75613Metamorphoses — Daphne and ApolloWikisourceOvid
English Translation Original Latin

    Daphne, daughter of Peneus, was Apollo's[1] first love, which
not blind chance, but Cupid’s savage anger, gave.
Apollo[2], arrogant at the serpent having been conquered,
had recently seen this one bending his bow with string pulled taut.
He had said, “What [is it] to you with strong weapons,
o silly boy? Those burdens are fitting for our shoulders,
We who can give sure wounds to a wild beast [and] an enemy,
I who just defeated the swollen Python covering so many acres
with its deadly underside, with countless arrows.
You, be satisfied to annoy [some] love [affair] or other
with your torch, and do not lay claim to my praises!”
Venus’ son said to him, “O Apollo, although your bow may pierce
all things, my bow [will pierce] you; and by as much as all
animals yield to a god, by so much is your glory less than mine.”
He spoke and after crashing through the air with beating wings
he quickly took up position on the shadowy peak of Parnasus,
and from an arrow-bearing quiver he drew forth two weapons
of differing purposes: this one repels, that one creates love;
the one which creates [love] is golden and shines with a sharp point,
the one which repels [love] is blunt and has lead under the shaft.
The god fixed the latter in the Penean nymph, but with the former one
he wounded Apollo's marrow through pierced bones.
One suddenly loves, the other flees the name of lover,
rejoicing in the hiding-places of the woods and with the spoils
of captured beasts (and) as an imitator of unmarried Diana:
a ribbon was restraining hair placed without rule.
Many sought her; having rejected those seeking,
impatient and free of a man, she roams the pathless wood,
nor cares for what Hymen, what Love, what marriage may be.
Often her father has said, “daughter you owe me a son-in-law,”
Often her father has said, “daughter, you owe me grandsons”;
Hating matrimonial torches like a crime, she had
colored her beautiful face(s) with modest redness
and clinging with charming arms on her father’s neck
she said, “O dearest father, allow me to enjoy perpetual
maidenhood!

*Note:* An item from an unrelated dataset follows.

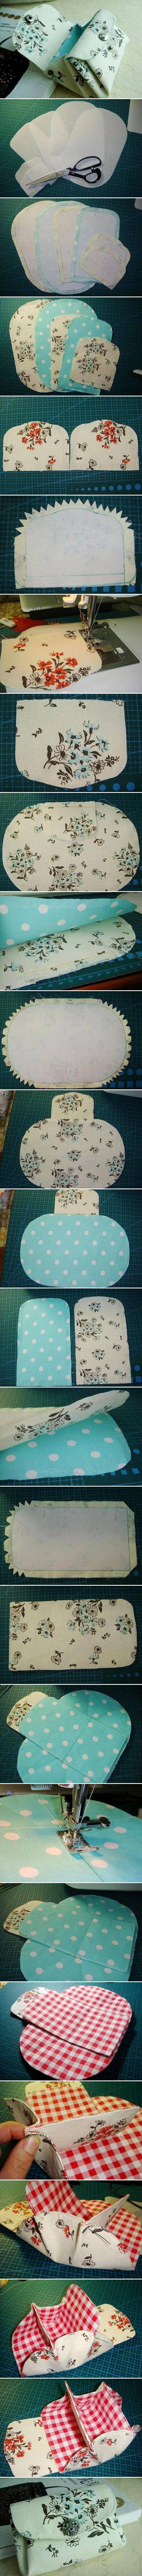 DIY Fabric Folding Purse

Previously Diana’s father allowed this.”
Indeed he complies, but that beauty forbids you to be
what you desire, and your beauty resists your vow.

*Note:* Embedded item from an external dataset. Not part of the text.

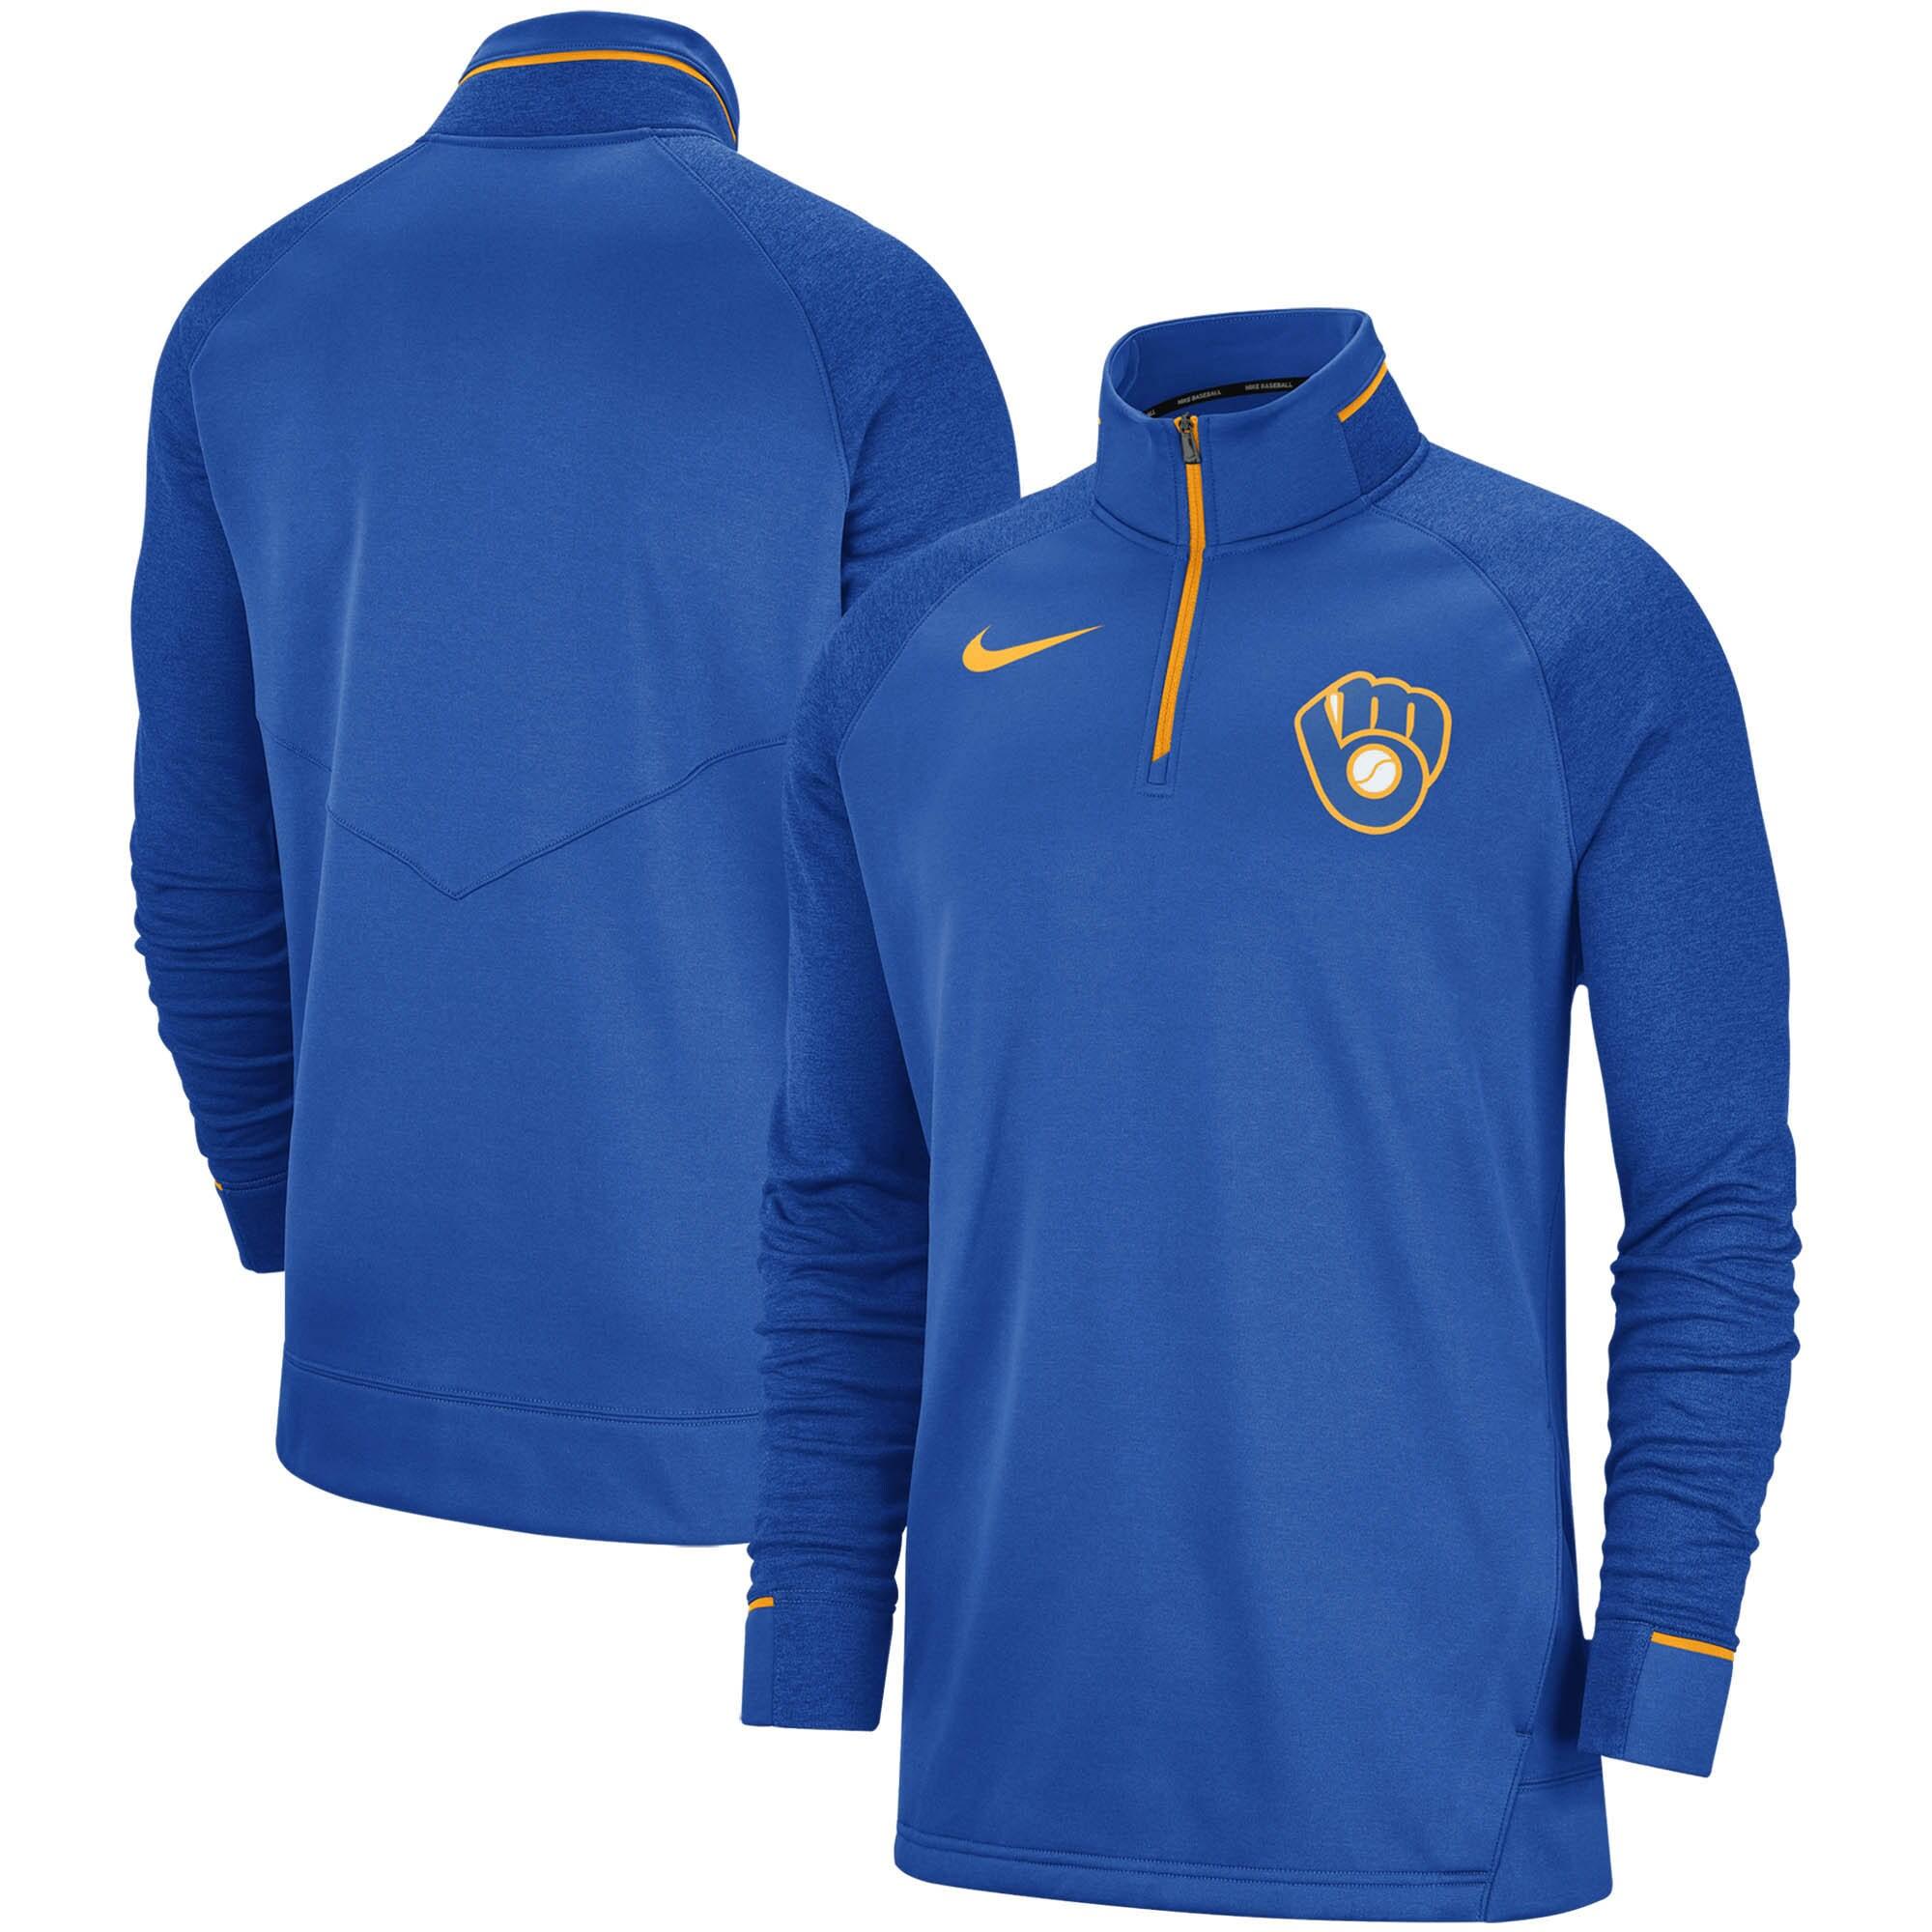 Milwaukee Brewers Nike Elite Game Performance Raglan Sleeve Quarter-Zip Pullover Jacket - Royal

Apollo loves and desires the marriage of Daphne having been seen,
and which he desires, he hopes, and his own oracles deceive him;
and as light stalks are burned after the harvest has been removed,
as hedges are burned with torches, to which by chance the traveler
either moved too close or has abandoned now at dawn,
thus the god departed into flames, thus in his whole heart
he is burned and he feeds futile love by hoping.

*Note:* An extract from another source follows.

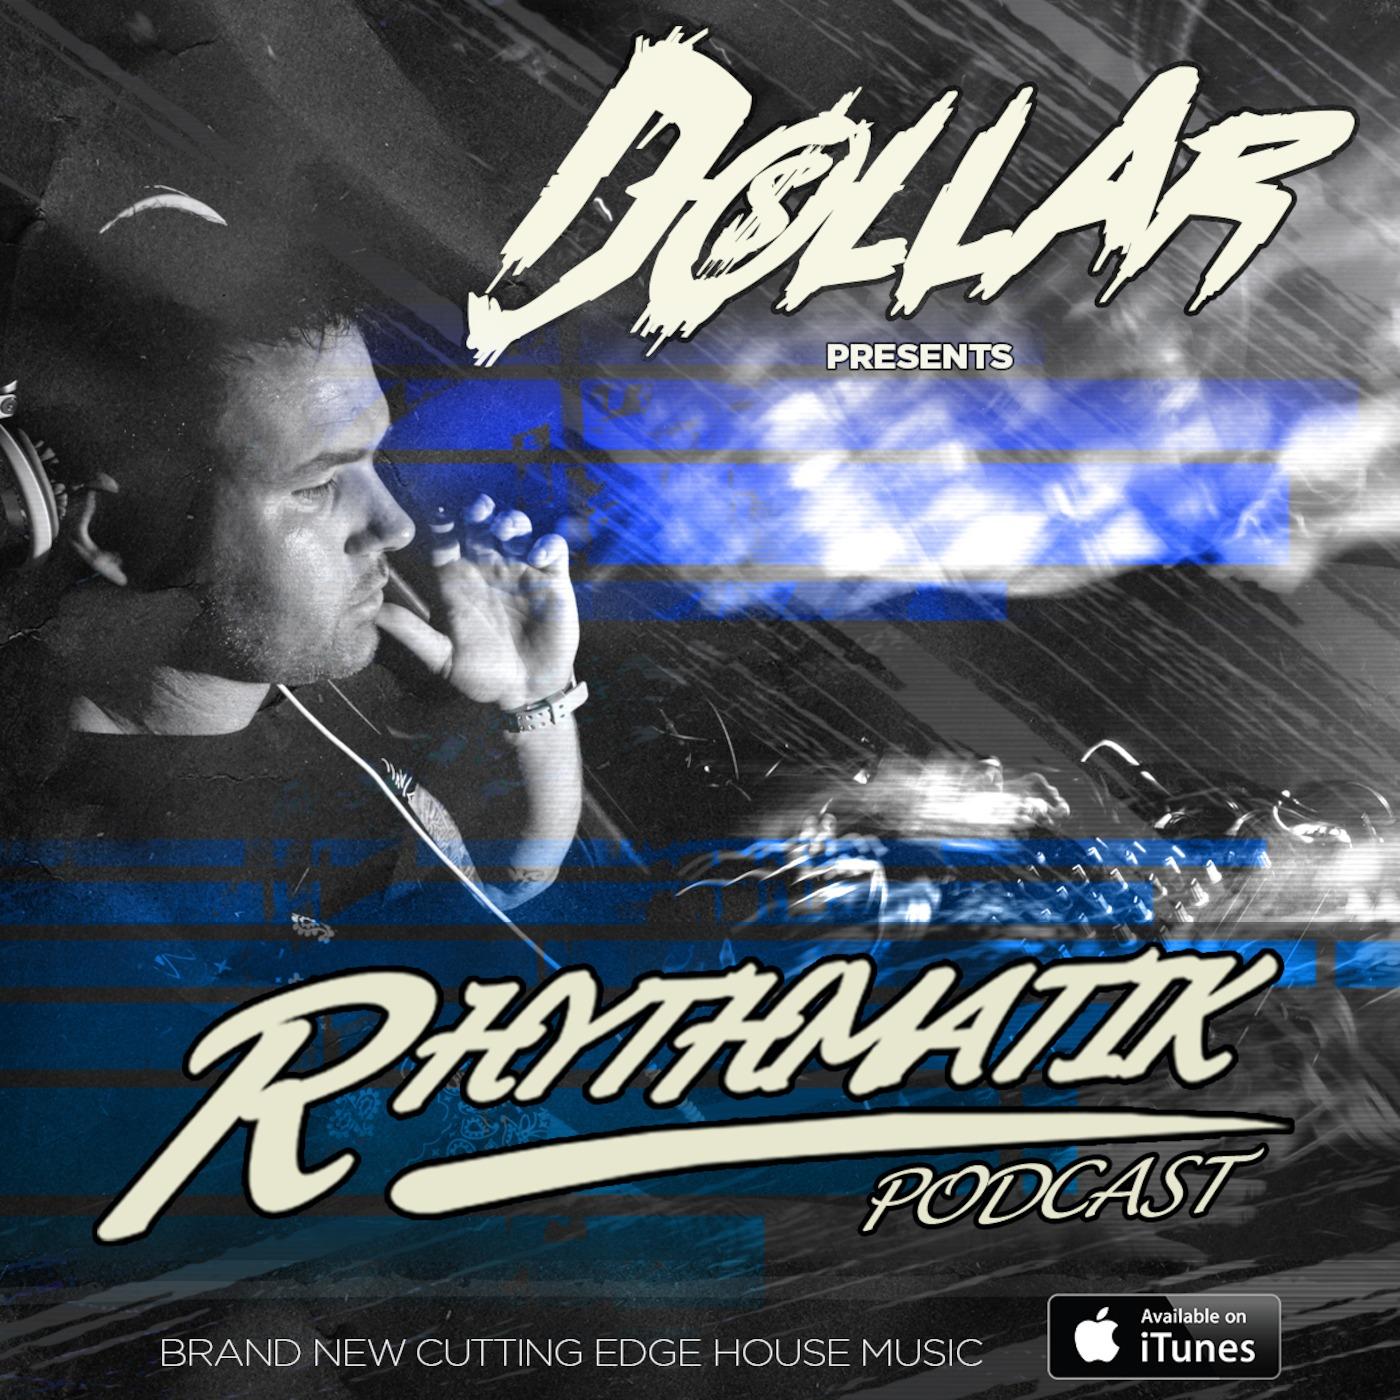 Dollar presents RHYTHMATIK

He sees that her hair hangs disarranged at her neck, and
he says, “what if it be arranged?” He sees her flashing eyes
like fire in the stars; he sees her lips, which it is not
enough to have seen, he praises her fingers and hands
and arms and upper-arms with more than the middle naked:
if some things lie hidden, he imagines them better. She flees faster
than a light breeze and does not stop at these words calling [her] back:
“I beg you, nymph, daughter of Peneus, remain! I pursue not as an enemy;
nymph, remain! Thus the lamb [flees] the wolf, thus the deer
the lion, thus the doves flee the eagle on a trembling wing;
each flees it own enemies: love is the cause of my pursuit!
Miserable me! Do not fall forward, [do not] let the briars scar your thighs that
are undeserving to be injured, and [do not] let me be the cause of your pain!
The places where you hurry are harsh: I pray that you run more gently
and restrain your escape, I myself will pursue more gently.
Yet examine whom you please: [I'm] not an inhabitant of a mountain,
I am not a shepherd, nor uncouth do I guard herds and flocks.
You don’t know, o thoughtless one, you don’t know whom you
flee, and therefore you flee: to me the land of the Delphi
and Claros and Tenedos and the royal palace of Patara are devoted;
Jupiter is my father: what will be, [what] was, and [what] is
is revealed through me; through me songs harmonize with strings.
Indeed our arrow is sure, yet surer than ours [is]
the one arrow which has made wounds in my empty heart!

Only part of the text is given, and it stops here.